When the height of ribs was lower than 0.22mm, the disturbing effect that near the liquid the heat-transfer pipe inner surface is subjected to was less, thereby the liquid that flows in the cavity is difficult to be vaporized, so this supervenes is that the raising of heat transfer property is less.On the other hand, when the height of ribs was higher than 0.45mm, the space in the cavity became dry easily, and this not only makes heat transfer property descend again, and the pressure loss is increased, and the result is that the power that is used to take out the pump of cooling water has increased.

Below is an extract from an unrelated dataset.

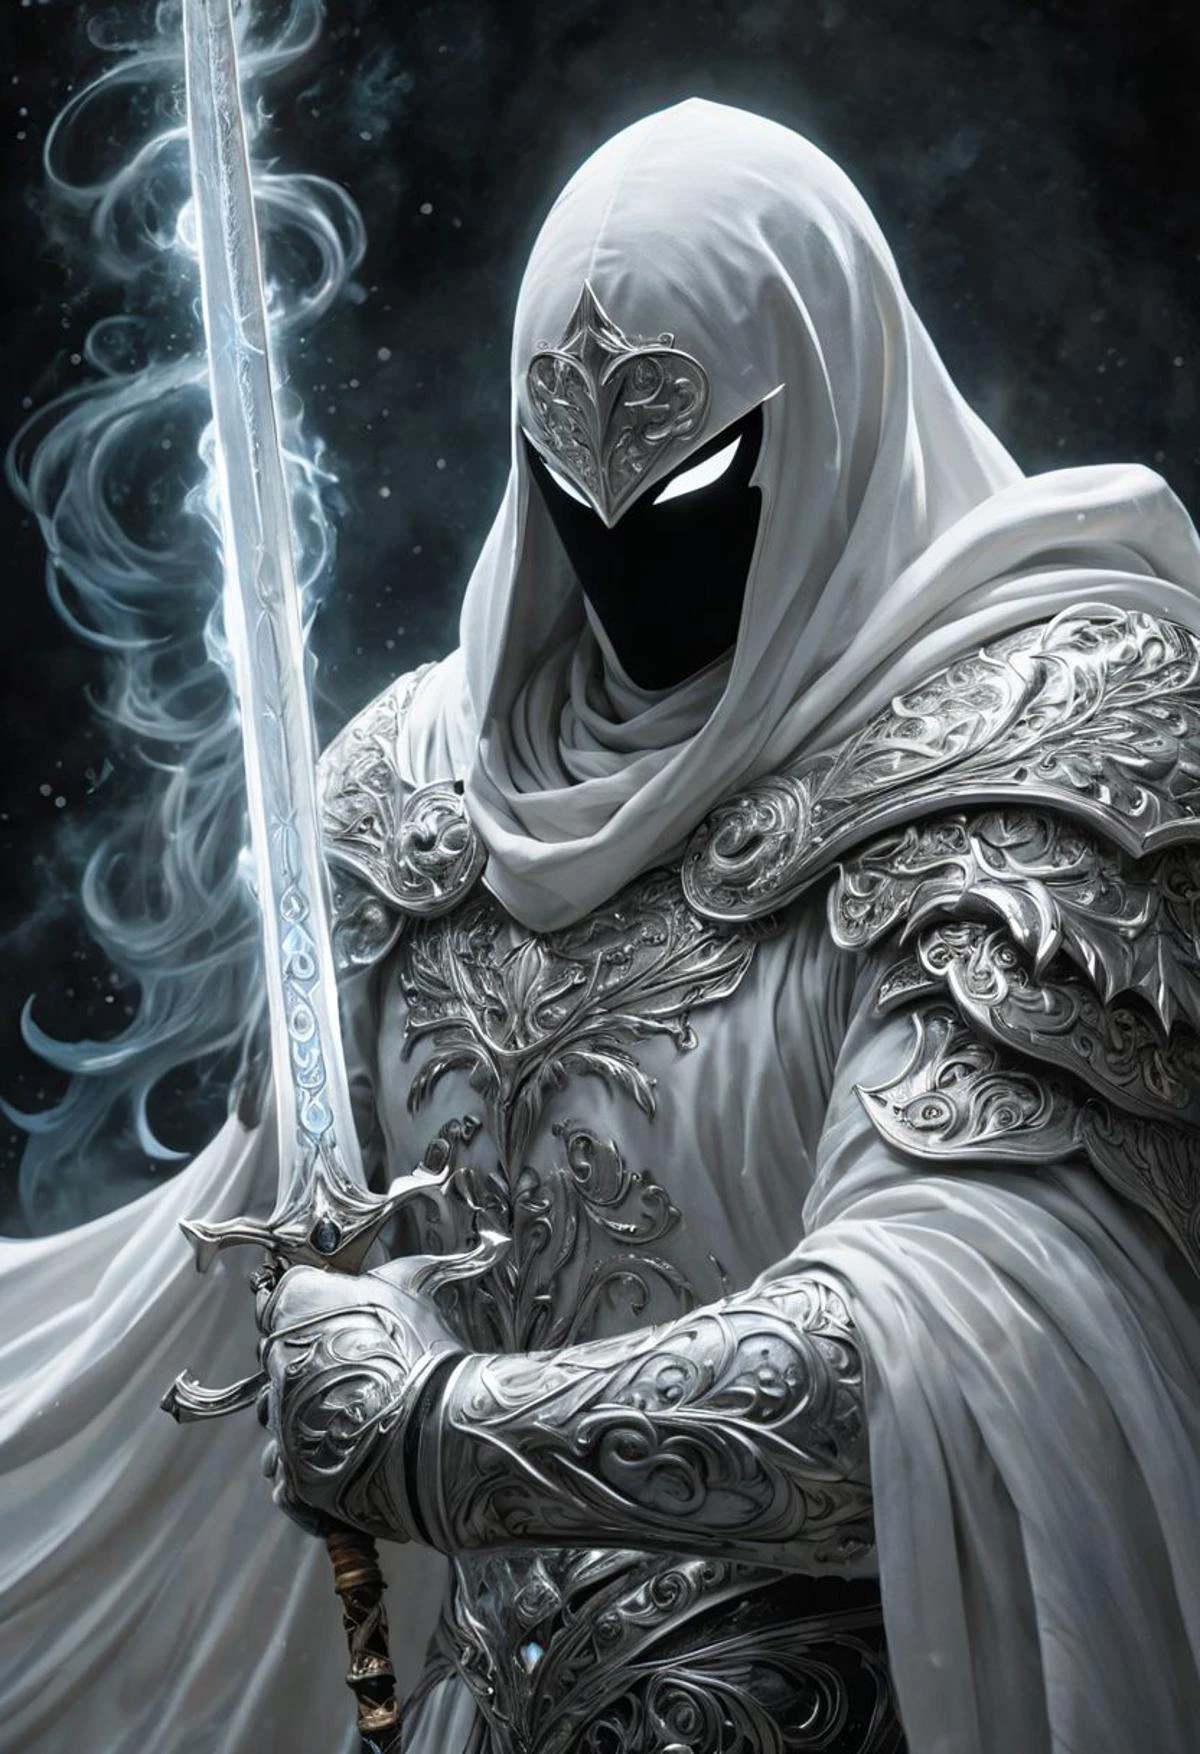 A closeup of fantastical image of a moon knight, clad in flowing, flowing robes, wielding an ornate, ornate blade. Their eyes are filled with power and determination, as they wield the sword in a fluid, dynamic motion. The moon's reflection highlights their magical power

When the pitch P 3 of ribs was equal to or less than 2.6mm, the disturbing effect that near the liquid the heat-transfer pipe inner surface is subjected to was less, thereby heat transfer property is difficult to be improved.On the other hand, when the pitch P 3 of ribs greater than 6.5mm, will form flow velocity boundary layer and thermal boundary layer near the liquid the heat-transfer pipe inner surface, this can make the increase of heat transfer property smaller.

Though the composition material of heat-transfer pipe is generally copper or copper alloy, implement the present invention with other metals outside the alloy of copper or copper as the material of heat-transfer pipe, also can produce identical effect.

Embodiment

So, just made with the corresponding boiling heat transfer tube of embodiments of the invention and at this its characteristic tested.The test condition of having measured as the heat transfer property of boiling heat transfer tube is listed in the following table 1.

Table 1

The heat transfer property test condition
		Cold-producing medium evaporating pressure evaporating temperature water velocity water inlet temperature	1,1,1,2-HFC-134a 5.8342kgf/cm 222 ℃ of 12 ℃ of 1.0～3.0m/s of abs (Fig. 5) 2.0m/s (Fig. 6～12)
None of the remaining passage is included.